Europe's single currency dipped Wednesday even as other risk assets like commodities and stocks built on earlier gains made when Pfizer and its partners said on Monday that their coronavirus vaccine candidate had demonstrated high effectiveness in clinical trials. Vaccine progress provides alternatives to the so-called lockdown of people, companies and economies in the name of containing the coronavirus.

Vaccine progress bolstered the rally in risk assets that was ignited when last week's U.S. election appeared to show Democratic Party challenger Joe Biden beating President Donald Trump in the race for the White House but falling short of the support needed for a Congressional majority. 

Above: Euro-to-Dollar rate at dai;y intervals alongside S&P 500 index futures (black line, left axis).

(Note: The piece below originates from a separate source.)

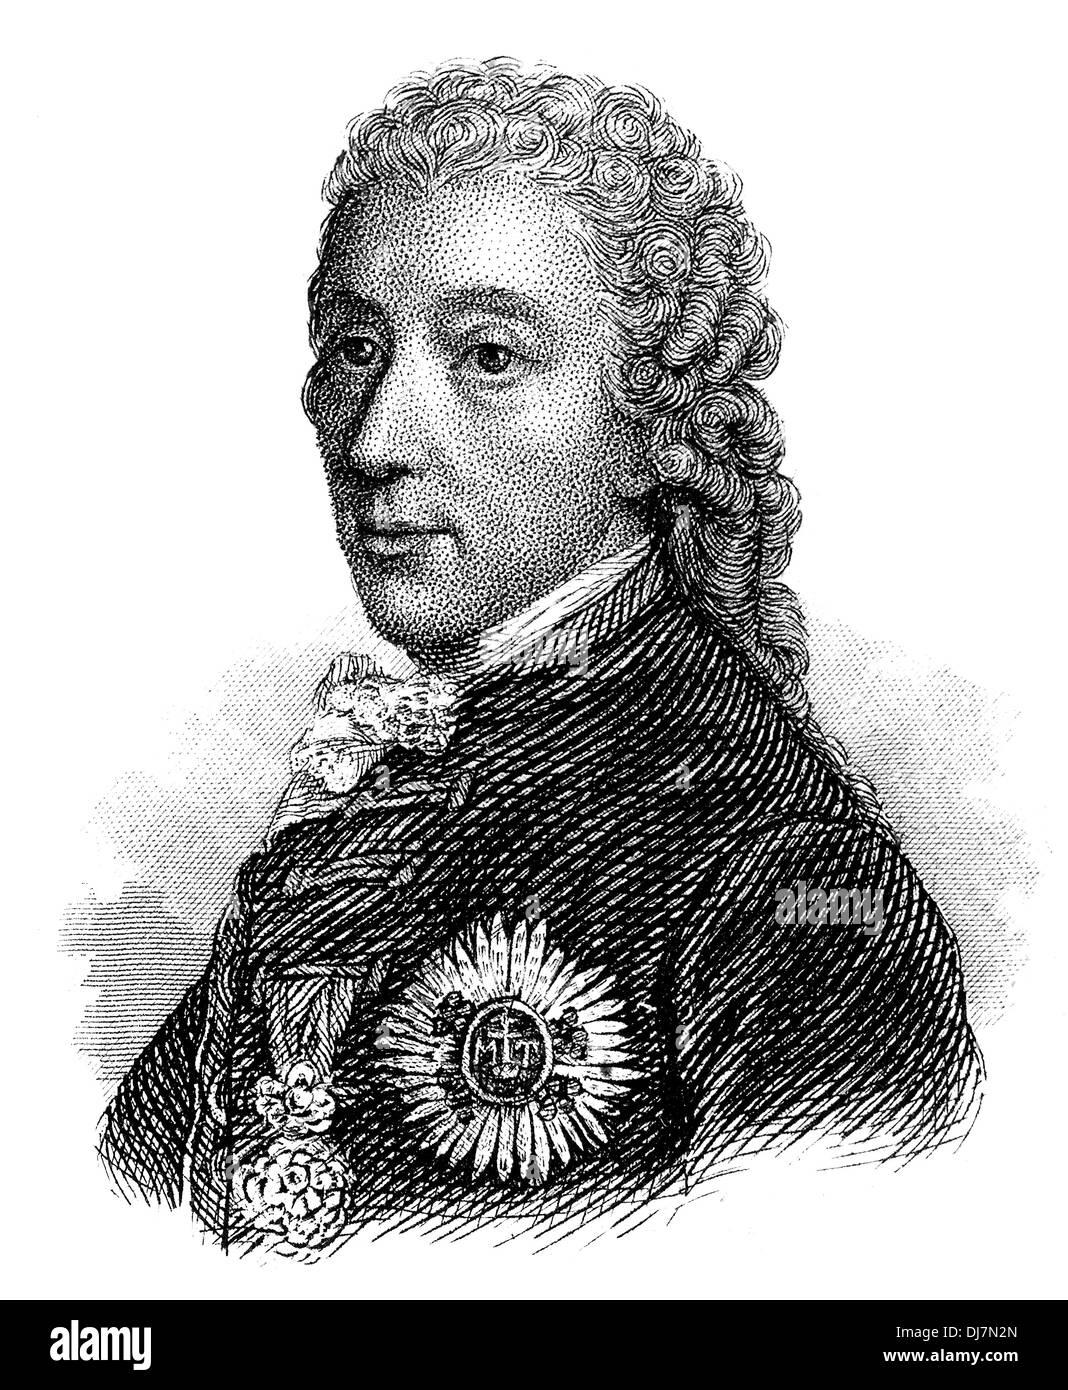 Wenzel Anton Graf Kaunitz, 1711 - 1794, Imperial Prince of Kaunitz-Rietberg, Austrian statesman of the enlightened Stock Photo

"A move out of USDs and into high yield currencies is likely to lend support to commodity sensitive currencies in the G10 space. Oil prices have risen notably since the start of the week," Foley writes in a Tuesday note to clients. "That said, since it will still be some time before a vaccine reaches large proportions of the global population, the news can not detract from the fact than many people, particularly in the US and Europe, are facing a difficult winter."

November newsflow has been positive for the Euro but Foley has warned that ongoing hurdles in the vaccine development process combined with a lack of production capacity, which risks creating supply bottlenecks, could mean it's months or even years yet before parts of the global population can hope to be vaccinated. This and other factors are seen keeping investors' enthusiasm for the Euro in check ahead of the December ECB meeting.

Investors widely expect a package of new measures aimed at supporting the Eurozone economy through its second so-called lockdown in December, although there's uncertainty over the fate of already-negative deposit rate.  

"While there are still risks on the horizon, we have curtailed our expectations for another round of USD strength and revised up our 3 month EUR/USD forecast to 1.17 from 1.16 and our 6 mth forecast to 1.18 from 1.14," Foley says. "Positions have been pared back but given that Europe is suffering substantially from a second wave and is facing a double dip is economic output in Q4, we see upside potential from the EUR as being fairly limited particularly ahead of the December ECB meeting." 

Above: Euro-to-Dollar rate at weekly intervals alongside U.S. Dollar Index (black line, left axis).